Meta kills off misinformation tracking tool CrowdTangle despite pleas from researchers, journalists
SAN FRANCISCO — Facebook and Instagram parent company Meta Platforms has shut down CrowdTangle, a tool widely used by researchers, watchdog groups and journalists to monitor social media posts, particularly to track how disinformation spreads on the company’s platforms.
Wednesday’s closure, which Meta announced earlier this year, has been protested by researchers and nonprofits. Dozens of groups protested in May, including the Center for Democracy and Technology, the Atlantic Council’s Digital Forensic Research Lab, Human Rights Watch, and NYU’s Center for Social Media & Politics has sent a letter to the company asking it to keep the tool available at least until January, so that it would be available until the US presidential election.

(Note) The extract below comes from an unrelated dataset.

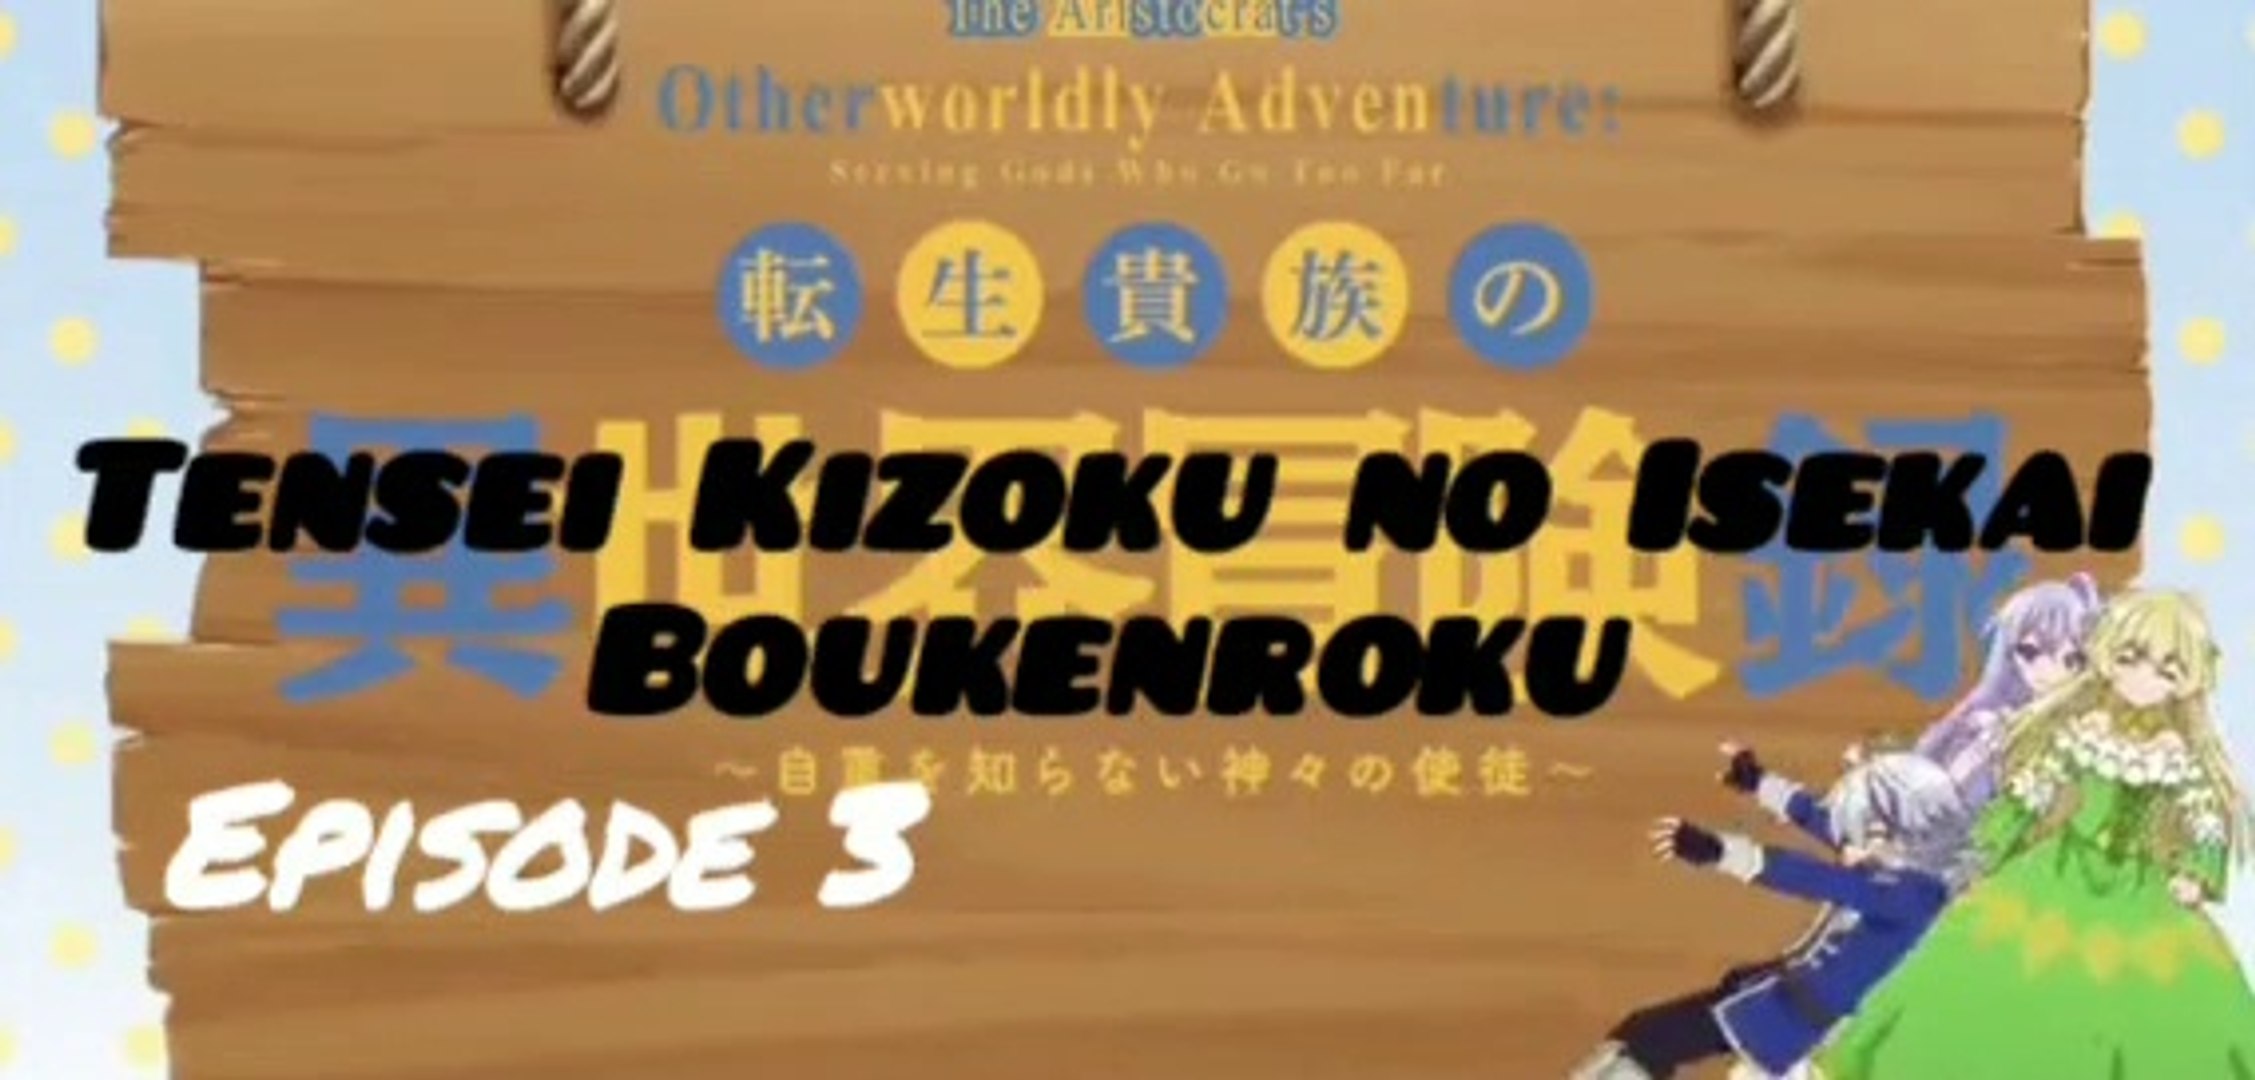 Tensei Kizoku no Isekai Bouken Roku (The Aristocrat's Otherworldly

“This decision jeopardizes essential pre- and post-election oversight mechanisms and undermines Meta’s transparency efforts during this critical period, and at a time when societal trust and digital democracy are alarmingly fragile,” the letter said.
CrowdTangle has “proven to be an essential tool in helping investigators sift through the vast amount of information on the platform and identify malicious content and threats,” it added.
In March, the nonprofit Mozilla Foundation sent a similar letter to Meta asking it to keep the tool, which was available for free, working until January. That letter was also signed by dozens of groups and individual academic researchers.
“For years, CrowdTangle has represented an industry best practice for real-time platform transparency. It has become a lifeline for understanding how disinformation, hate speech, and voter suppression spread on Facebook, undermining civil discourse and democracy,” the Mozilla letter said.
Meta has released an alternative to CrowdTangle called the Meta Content Library. However, access to it is limited to academic researchers and nonprofits, which excludes most news organizations. Critics have also complained that it isn’t as useful as CrowdTangle — at least not yet.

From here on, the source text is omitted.